Repeating passwords across a range of services, saving passwords in web browsers, and using logins made up of personal details are just some of the problems which making hacking your passwords easy.
The answer is to make passphrases longer and more random than your typical password. Tools such as diceware can help you to create more secure passphrases, but this comes with the complication of managing them, as they’re not something you’d likely remember (especially after a pint).
Thankfully, there are free and open source applications such as KeePassX to assist you in making your secure passwords usable!
Keeping Conversations Behind Closed Doors
Image Credit: Jens Johnsson / Unsplash
Communicating online has become part of our daily lives, whether that’s through emails, messenger services or on social media. However, there are endless ways this can be tracked and used, something which can have a particularly chilling effect on freedom of speech.
Encryption tools can be used to scramble messages in transit, leaving only the send and reciever able to access it.
To help protect yourself, and your rights, encryption tools can be used to scramble messages in transit, leaving only the sender and receivers able to decrypt and access the communications. There are a range of approaches for this across various platforms, and your risk assessment will help you to identify the right approaches for you.
One of the most highly regarded secure SMS, voice, and video call tools is the free and open source application Signal, which is built and maintained by the Open Whisper Group. The encryption protocol that Signal uses has been deployed in WhatsApp, but there are question marks around how the metadata is handled by WhatsApp’s parent company, Facebook.
Encrypting email is somewhat more complex, although the Free Software Foundation’s email Self Defense is a comprehensive guide for configuring PGP encryption on your email. Other services such as Protonmail offer alternative forms of encryption and storage of email.
Web Browsing in Safety
Image Credit: Thought Catalog / Unplash
Web browsing is another aspect of contemporary life which various corporate and state-level actors have active interests in. Again, the way we all use web browsers differs, but it is incredibly important to select web browsers that serve your needs.
If a web browser makes specific claims regarding its security, ask if the code is open-source, allowing security researchers to validate its claims. Browsers such as Mozilla’s Firefox and Brave Browser are open source, whereas Microsoft’s Edge, Apple’s Safari, and Google’s Chrome are all closed-source (although Chrome is built on the open-source Chromium).
Many browsers also allow extensions or add-ons to customise the browser. Sensible use of these can help you to enhance a browser’s security.
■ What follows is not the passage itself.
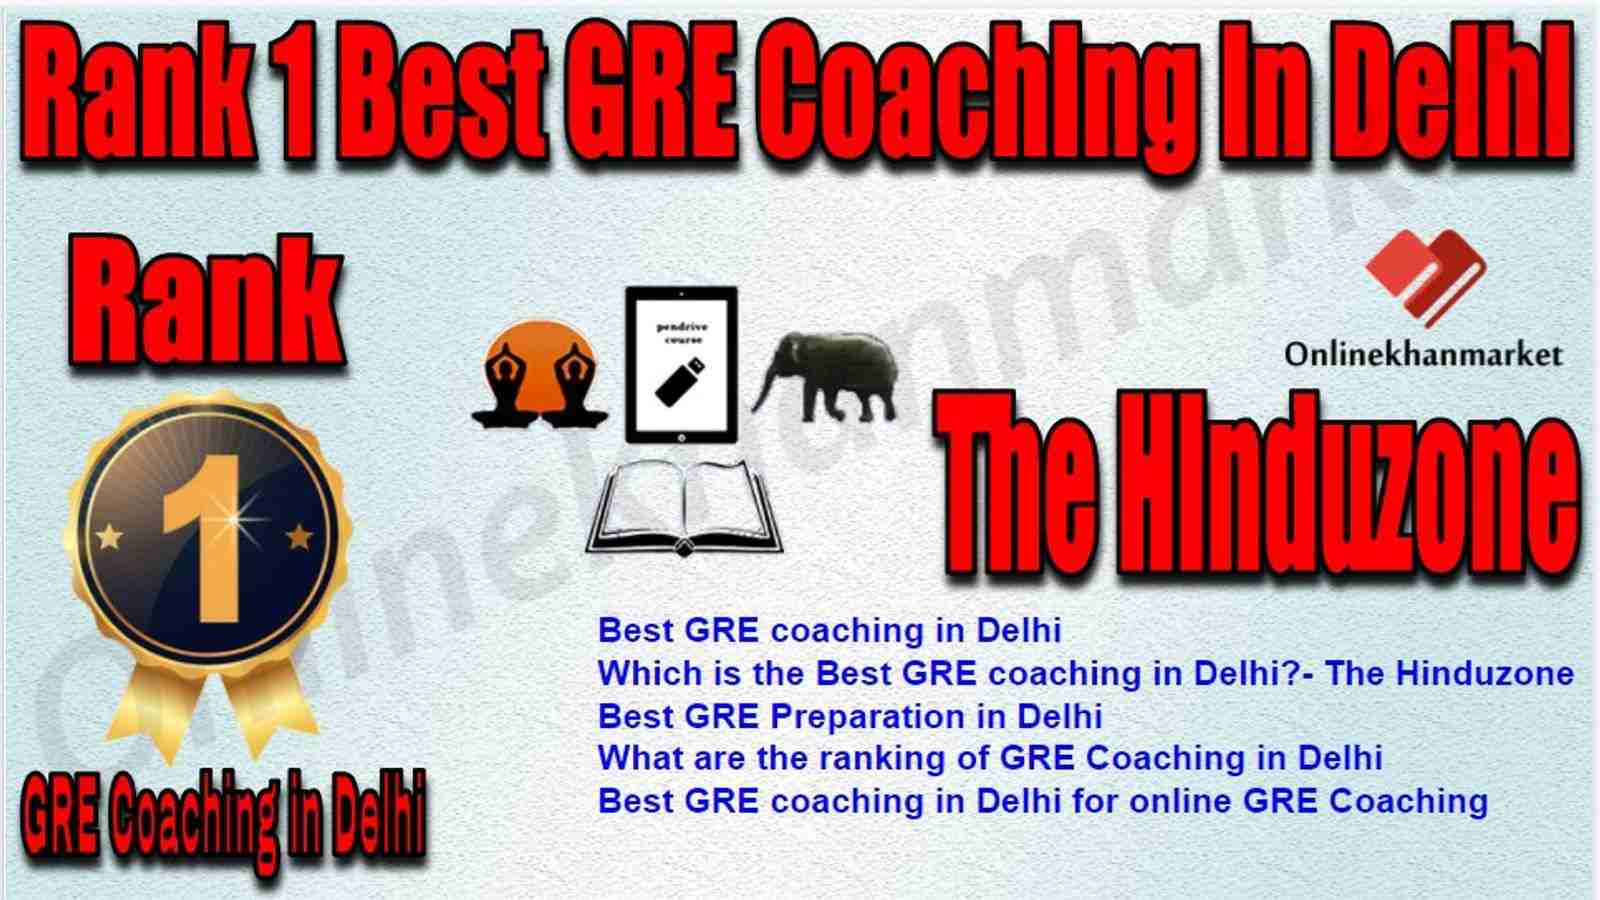 Rank 1 Best GRE Coaching in Delhi
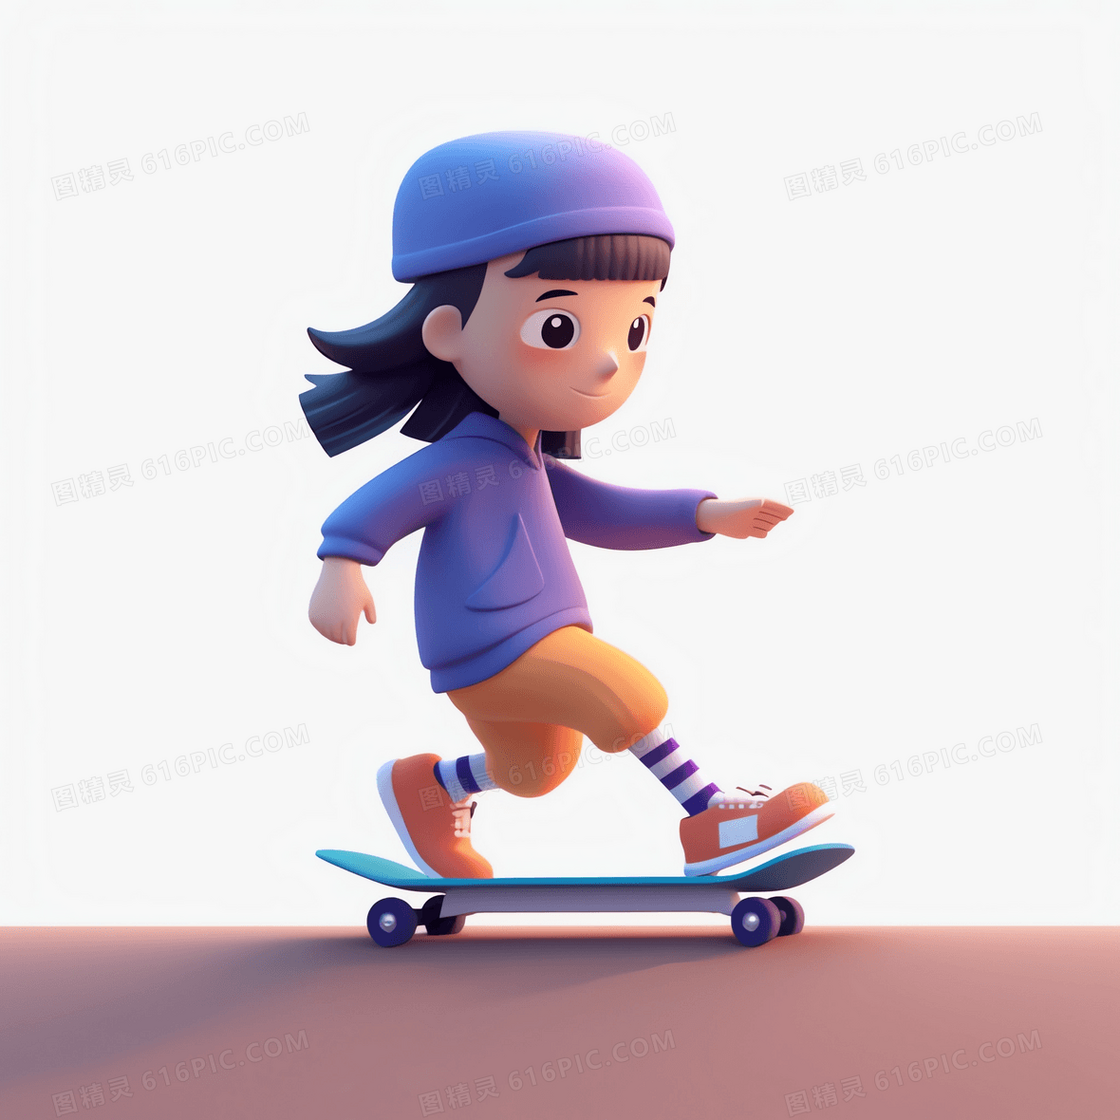 在滑板上反向站立的可爱女孩3D模型

The extension HTTPS Everywhere, for example, is built by EFF and the Tor Project, and helps to force connections over the encrypted HTTPS protocol wherever it has been implemented by a website, giving users enhanced privacy.
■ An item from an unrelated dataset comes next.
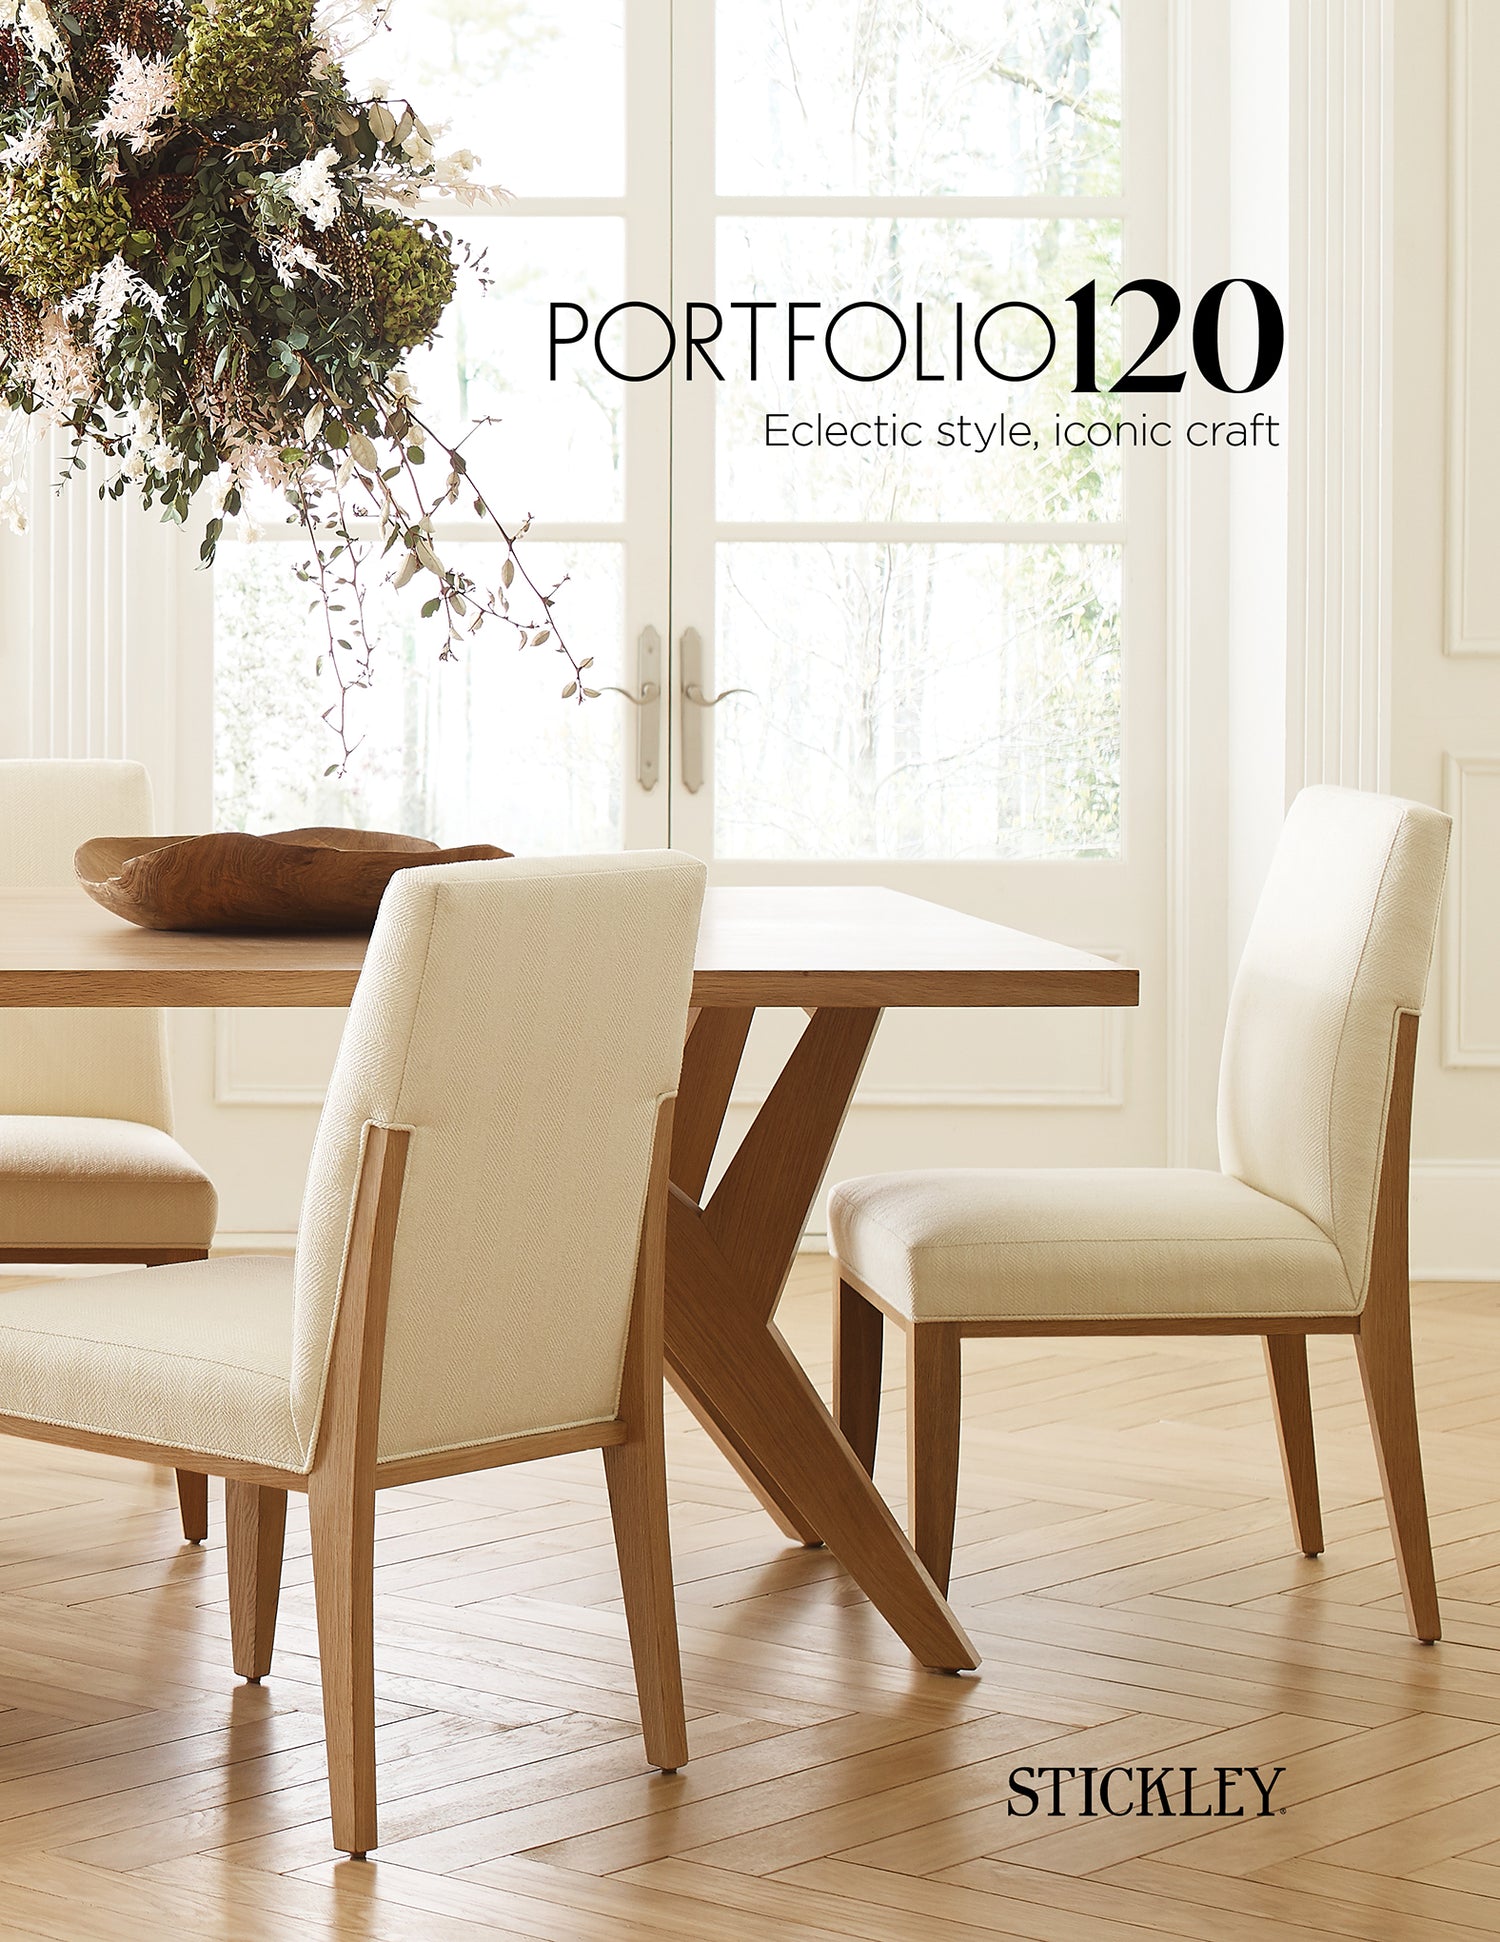 Portfolio120 Catalog - Stickley Brand

The extension Privacy Badger is another great piece of technology built by EFF, and it helps to block invasive trackers such as third-party tracking cookies, often embedded within adverts that are presented on websites and used to track your web usage. Privacy Badger becomes more effective over time and allows users to have complete control over how it functions, rather than controlling the user’s experience.
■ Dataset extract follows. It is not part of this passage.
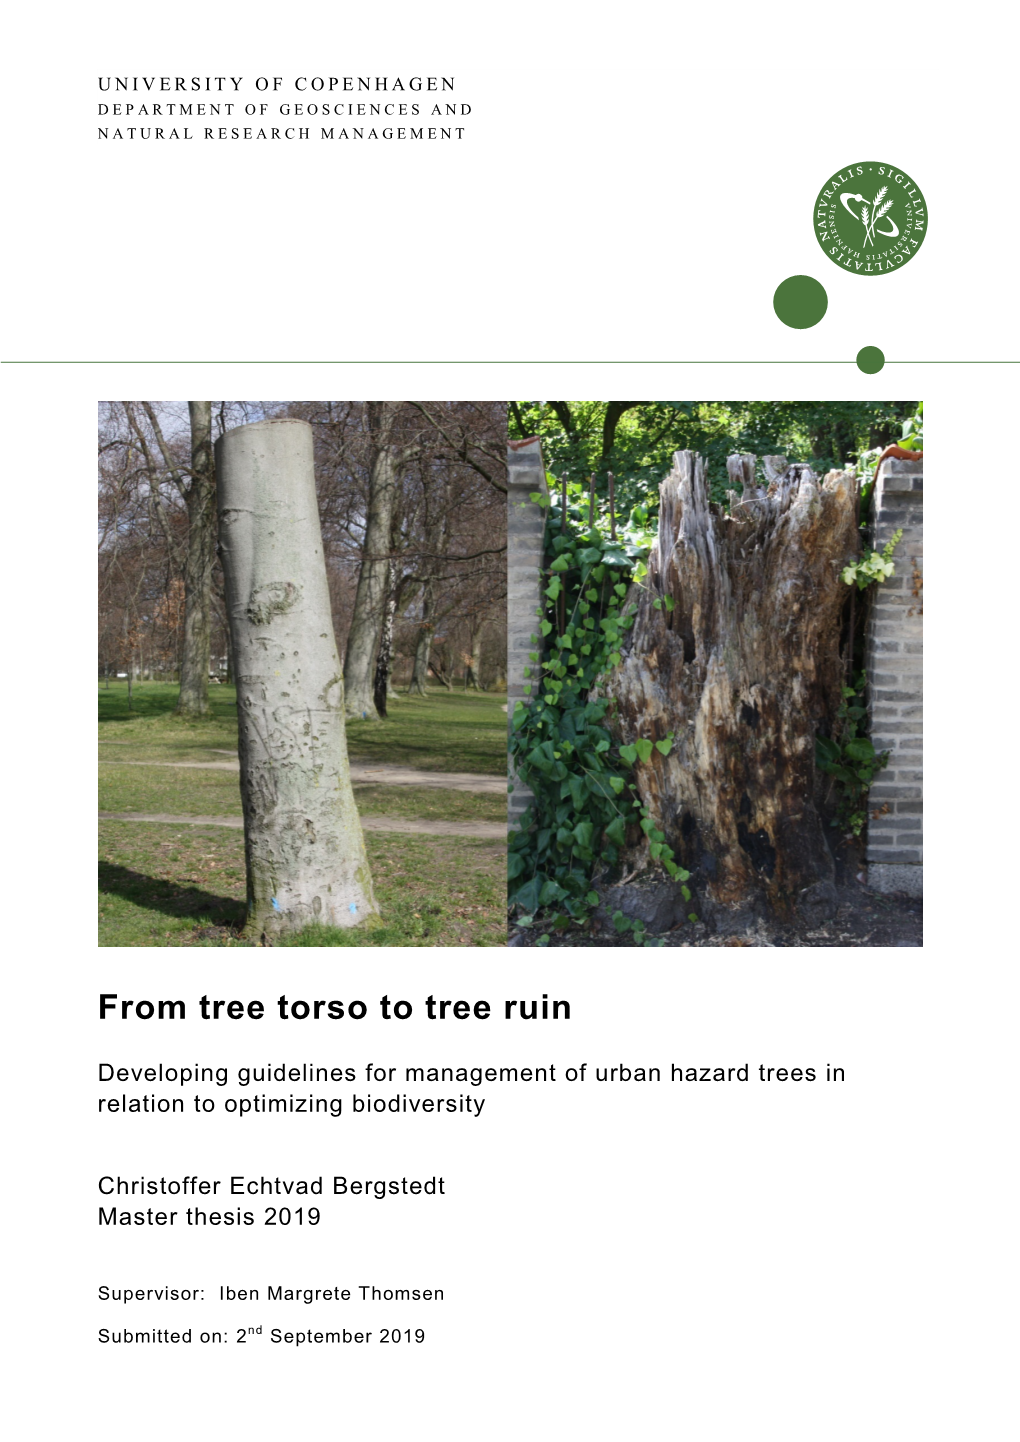 From Tree Torso to Tree Ruin

A Growing Suite of Privacy Protections
Image Credit: Steve Ramon / Unsplash
There are a wealth of more advanced strategies, tools, and processes available to further enhance your digital security and protect your right to privacy. From selecting secure VPNs to mask your IP address, to using the Tor Browser to add extra layers of protection to your identity, the more you investigate your privacy, the more you can do to increase it.
Companies, governments and other actors may be important players in the world of digital privacy, but ultimately it’s our own behaviours and actions that will dictate our success in upholding our rights.
Becoming familiar with tools, how they work, and how you can make use of them is essential, and an ever-evolving process which directly affects us all.